Tom Cruise acting into Oblivion

I don’t read other folk’s review but this now comes into my domain because if its Channel 4 debut. It wasn’t convincing and I would suggest films titles that go wrong could have a detrimental effect on the star’s career. Remember Matt Dillon in Crash? Exactly. So, even though Oblivion isn’t a great film, Tom Cruise’s career was able to absolve the blip. It’s the same as me picking up a parking ticket, which doesn’t mean I’m not a good driver. Cruise has proved he’s big box office yet this sci-fi outing is not his best film by far.
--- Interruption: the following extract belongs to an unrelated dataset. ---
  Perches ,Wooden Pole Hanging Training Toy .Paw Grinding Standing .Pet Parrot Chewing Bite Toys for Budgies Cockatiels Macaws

It seems that Oblivion was the film Cruise had to make to fulfil his sci-fi goals, and yet it seems hasty that he put his A-lister weight on a thin and unsatisfying venture. Earth is deserted and the residents have all but decamped to Saturn. The planet’s only use is the water is possess and Cruise is the repair engineer taking on the job of keeping giant drones in the air to protect the enormous water suckers.
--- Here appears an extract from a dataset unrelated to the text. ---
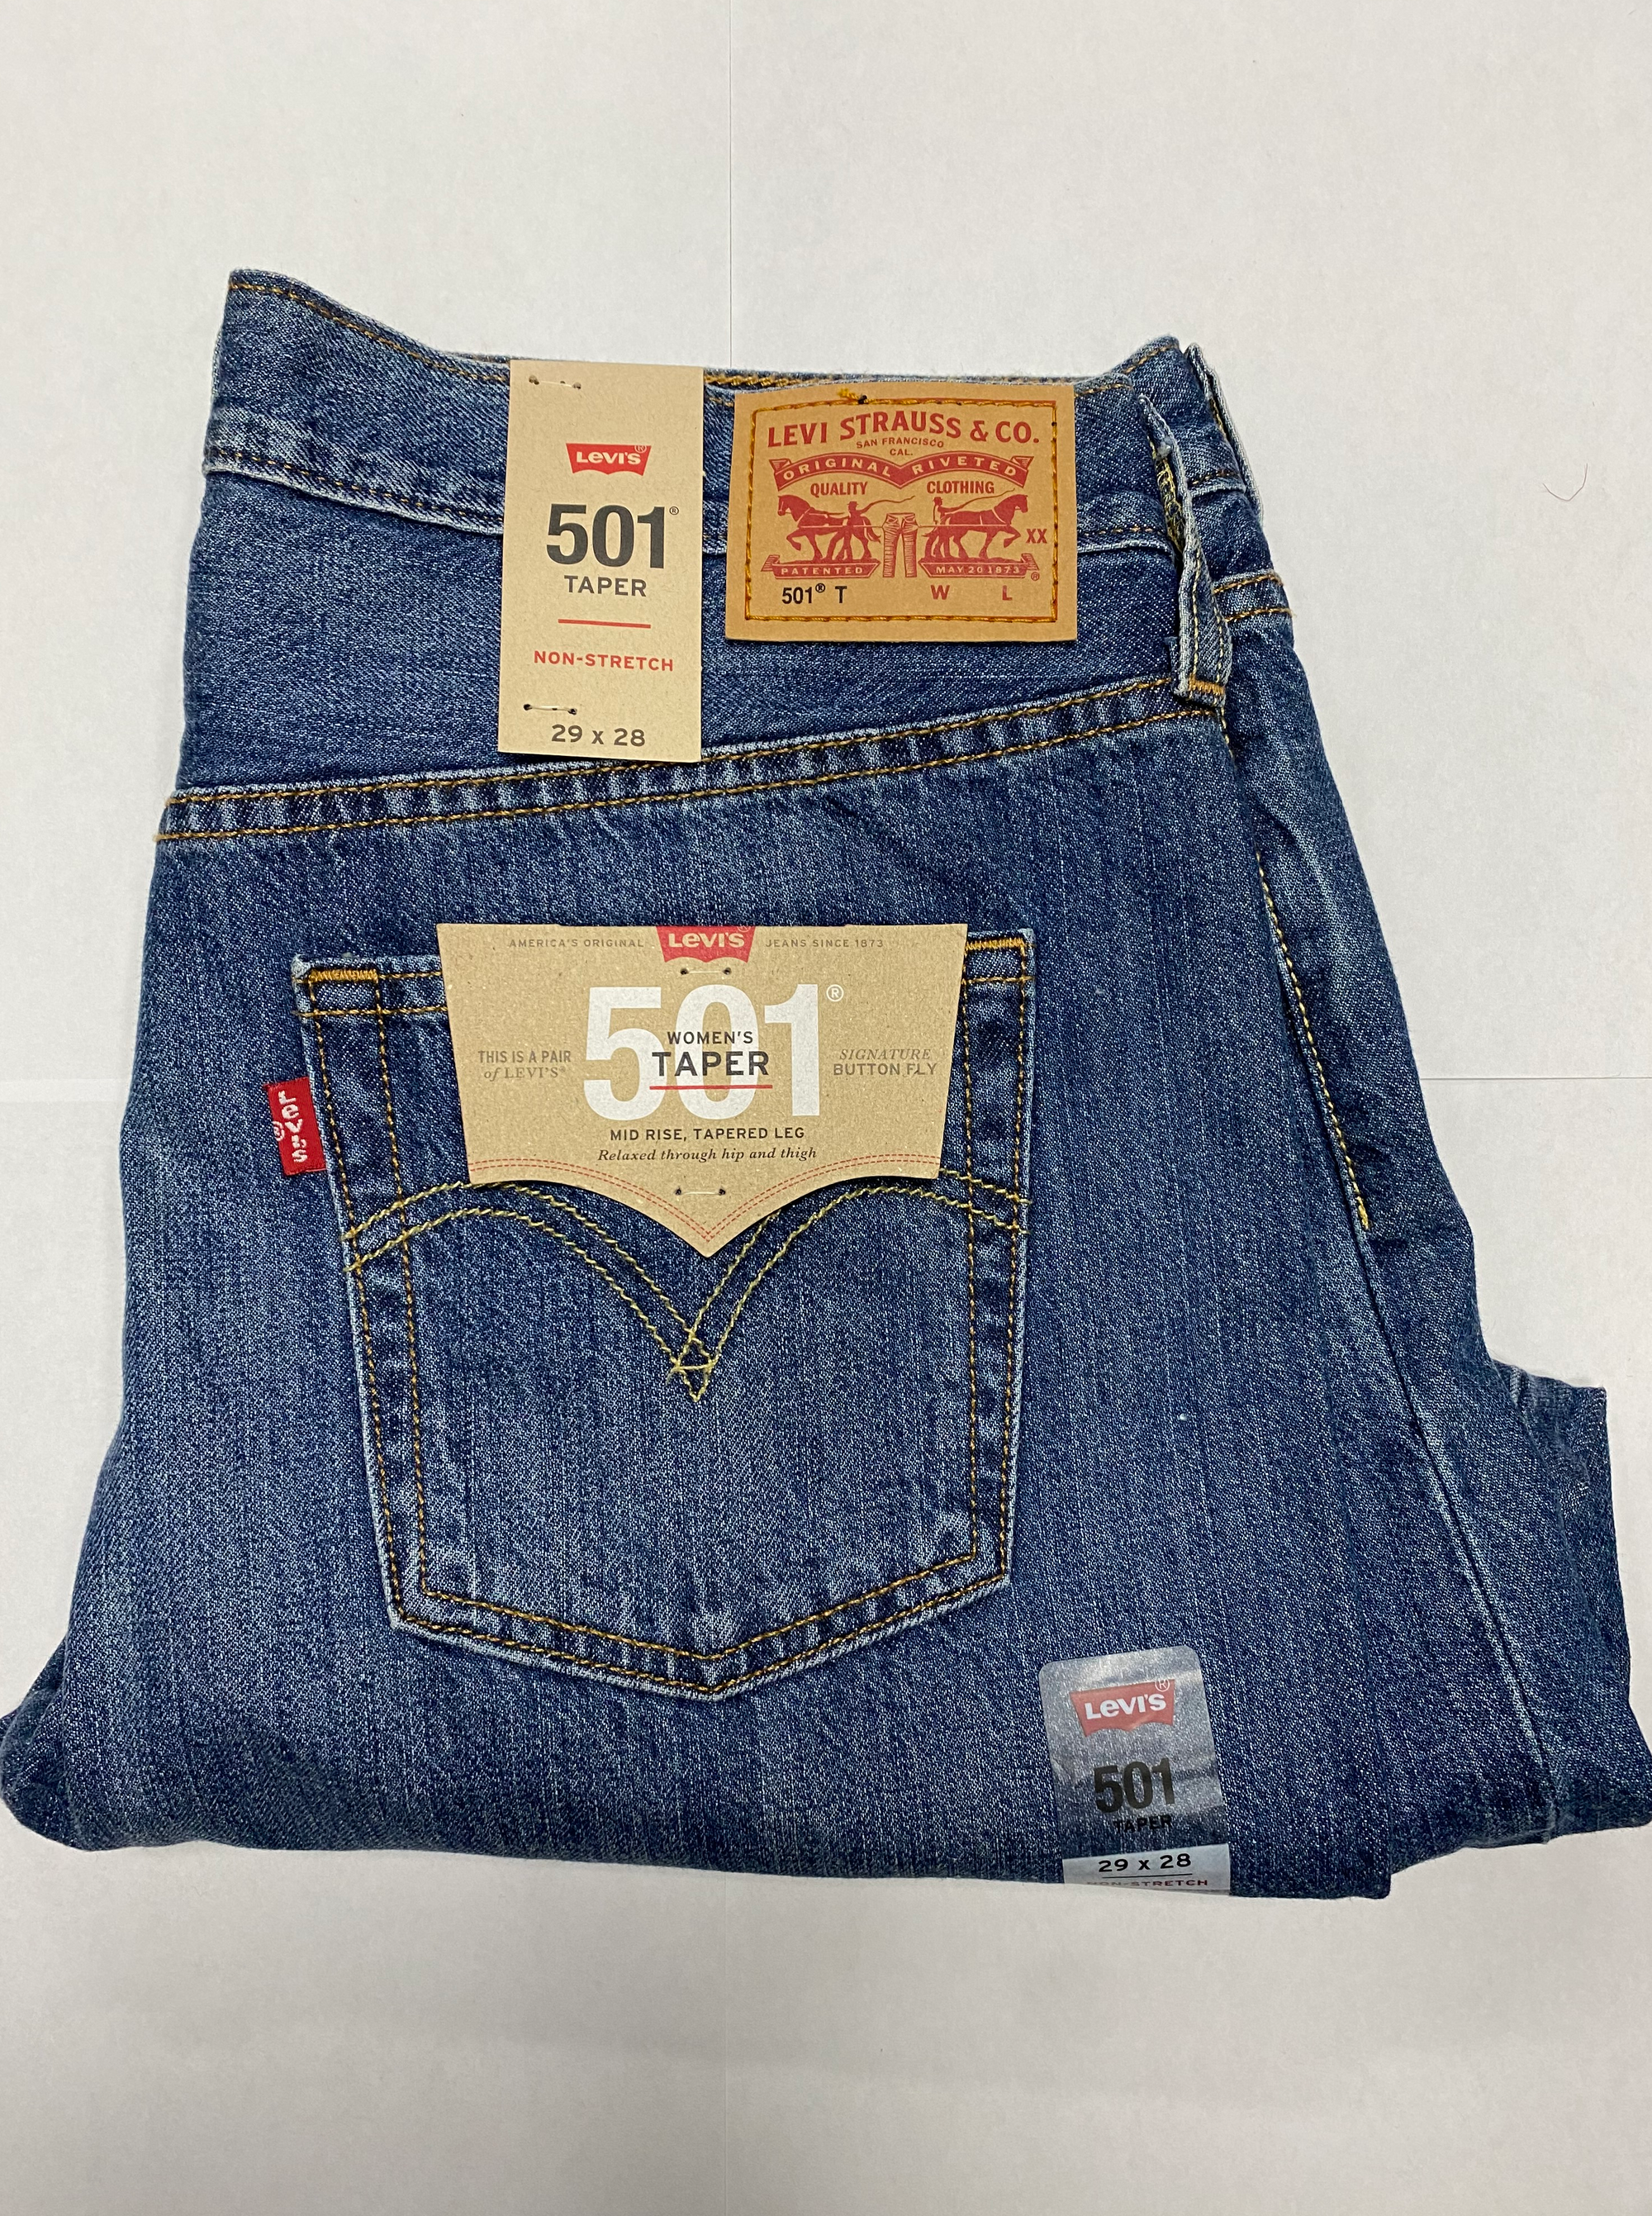 LEVIS 501® MID RISE TAPERED JEAN - The Blue Ox 916

So in a predictable turnaround, he joins forces with the handful of humans left defencing earth defeats the superior enemy. Did I mention the love interest? There is one but the actress is hardly a pure fit for Cruise whose boyish superhero charm has him more occupied with human salvation than first dates.

There were some rare moments of silliness wrapped up in a second rate action sci-fi. The formula for box office madness is evaporated as quickly as the water and this will ever be a film where the budget and explosions take centre stage. It was a stylish endeavour in terms of production and it sat neat whilst all else treaded space age water.

It’s just OK. Slightly boring but Cruise does bring a certain margin of watchability and ultimately there was too much of what he does best onto a project that was too short of film scaffolding. The fans will still love this but after War of The Worlds, Edge of Tomorrow and Minority Code, Oblivion will fall just into that.